Exercise details: The expected result is an exact restatement of the data, free of pictures.

Data below:

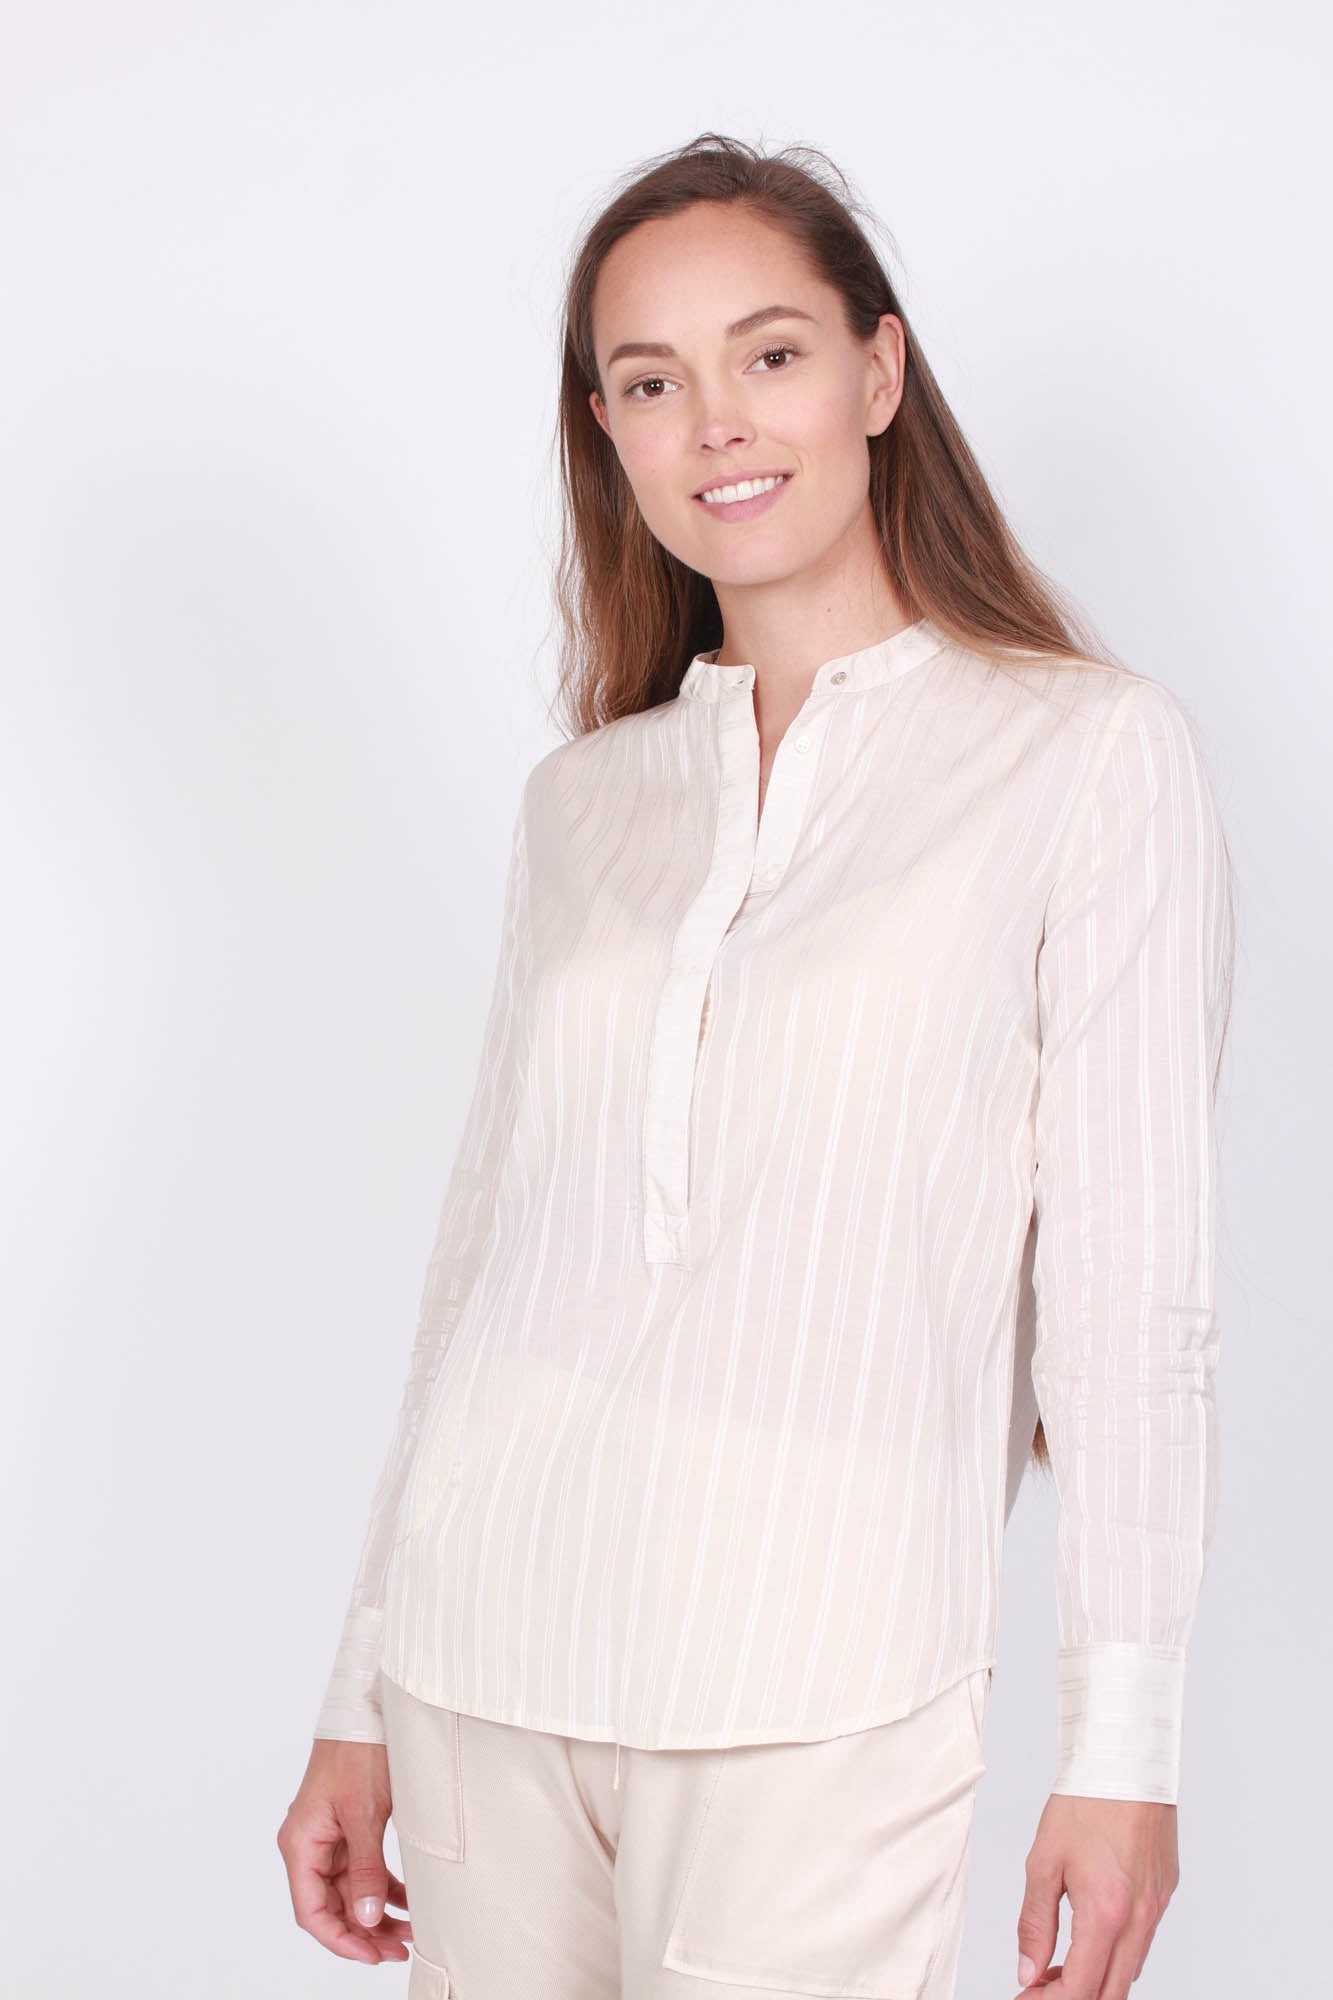 DAY Witty Bluse - Ivory Shade - DAY - Bluser & Skjorter - VILLOID.no
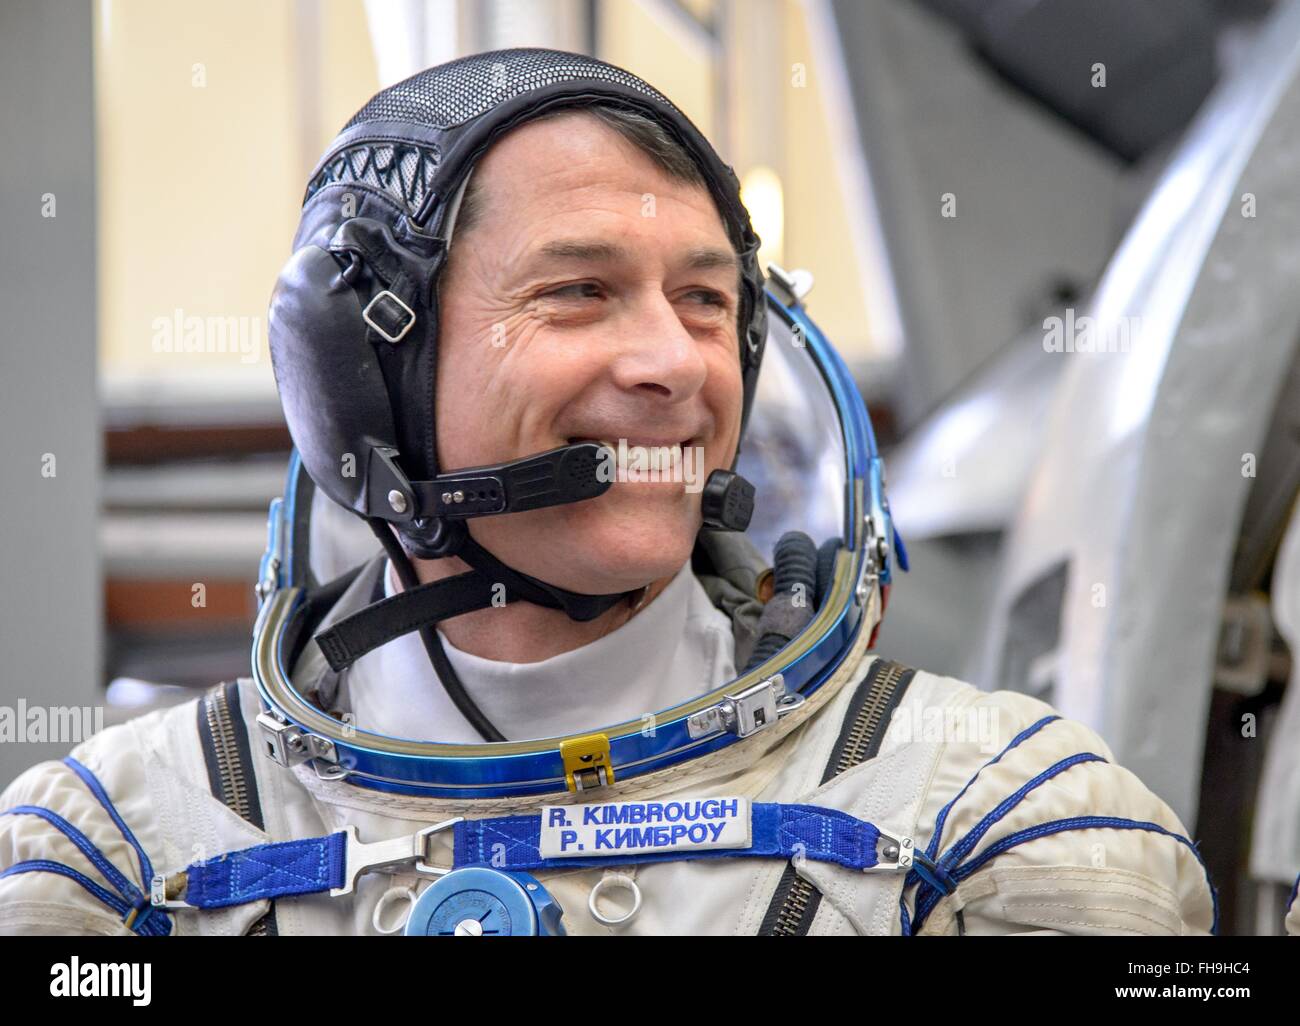 International Space Station Expedition 47 backup crew member American astronaut Shane Kimbroug answers questions from the press ahead of his Soyuz qualification exams at the Gagarin Cosmonaut Training Center February 24, 2016 in Star City, Russia. Stock Photo
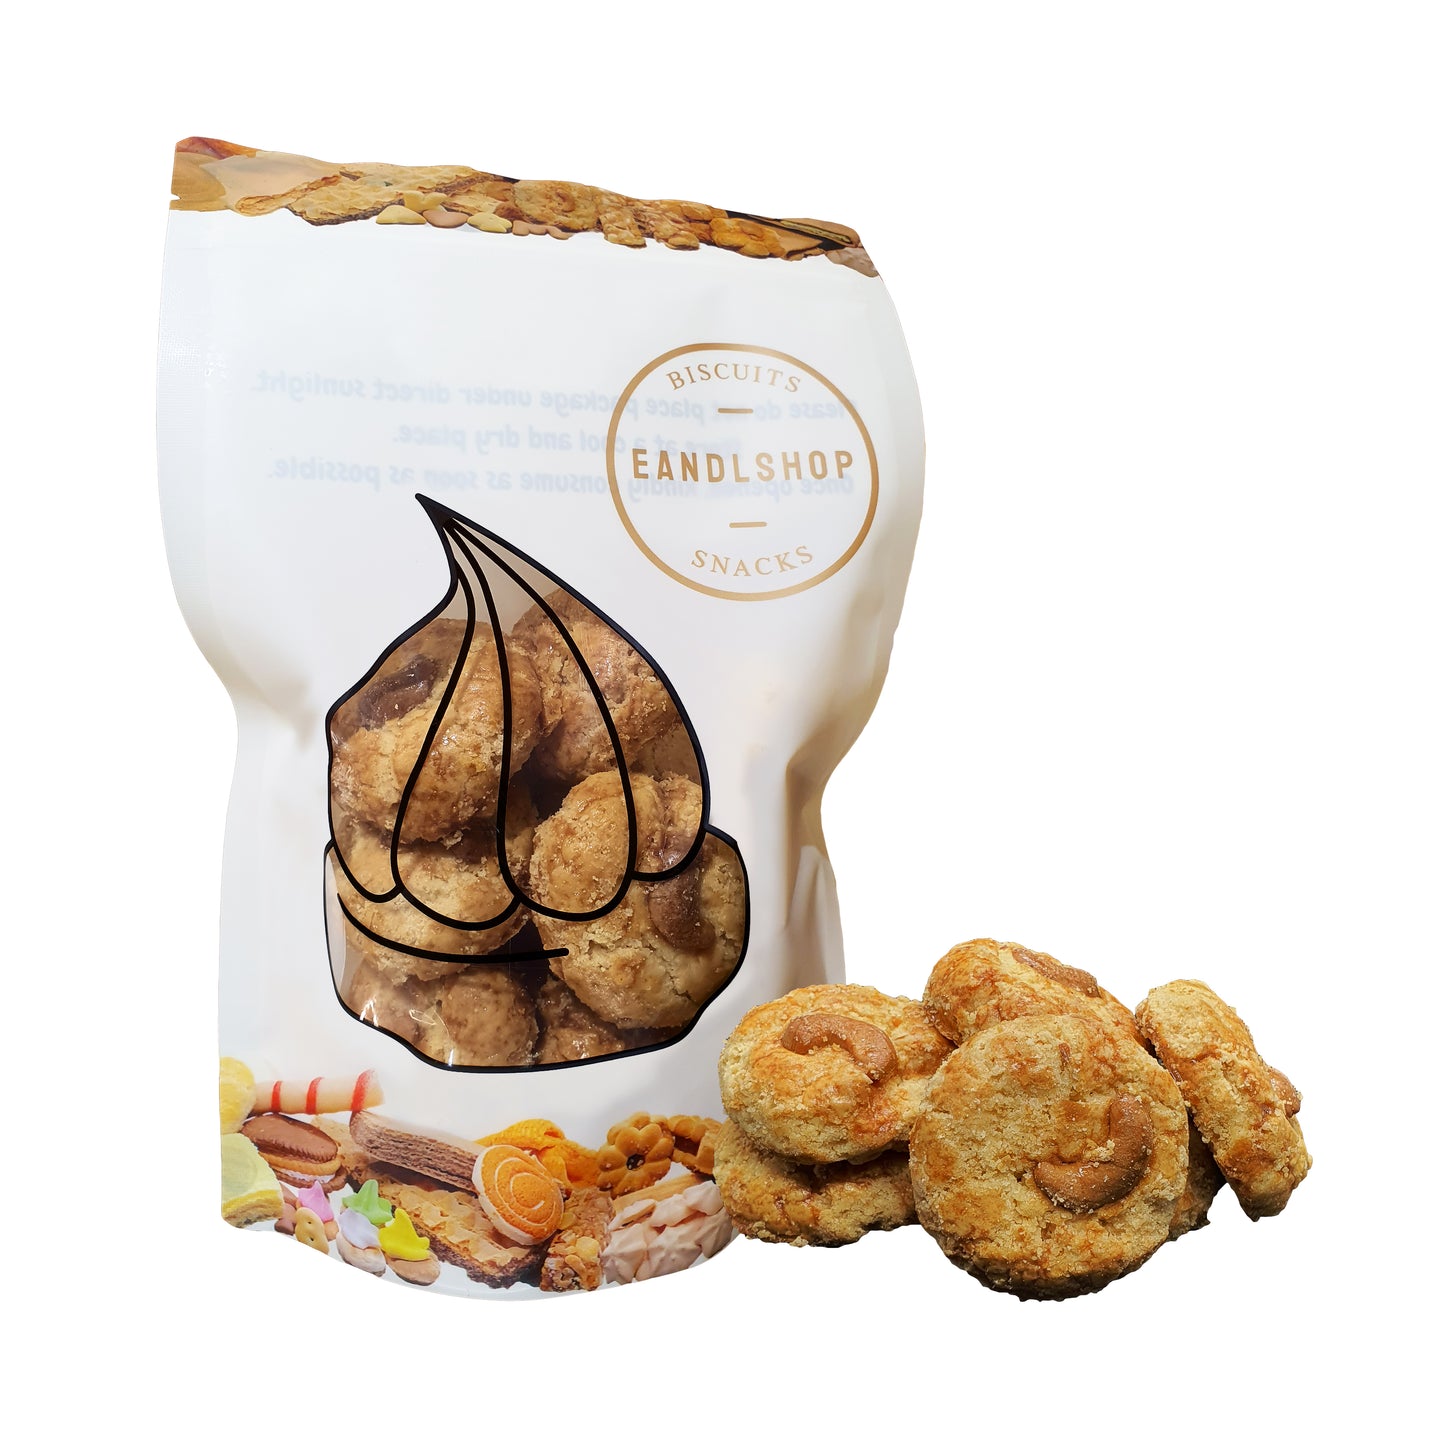 Cashew Nuts Cookies. Old-school biscuits, modern snacks (chips, crackers), cakes, gummies, plums, dried fruits, nuts, herbal tea – available at www.EANDLSHOP.com

Answer box:
 DAY Witty Bluse - Ivory Shade - DAY - Bluser & Skjorter - VILLOID.no
 International Space Station Expedition 47 backup crew member American astronaut Shane Kimbroug answers questions from the press ahead of his Soyuz qualification exams at the Gagarin Cosmonaut Training Center February 24, 2016 in Star City, Russia. Stock Photo
 Cashew Nuts Cookies. Old-school biscuits, modern snacks (chips, crackers), cakes, gummies, plums, dried fruits, nuts, herbal tea – available at www.EANDLSHOP.com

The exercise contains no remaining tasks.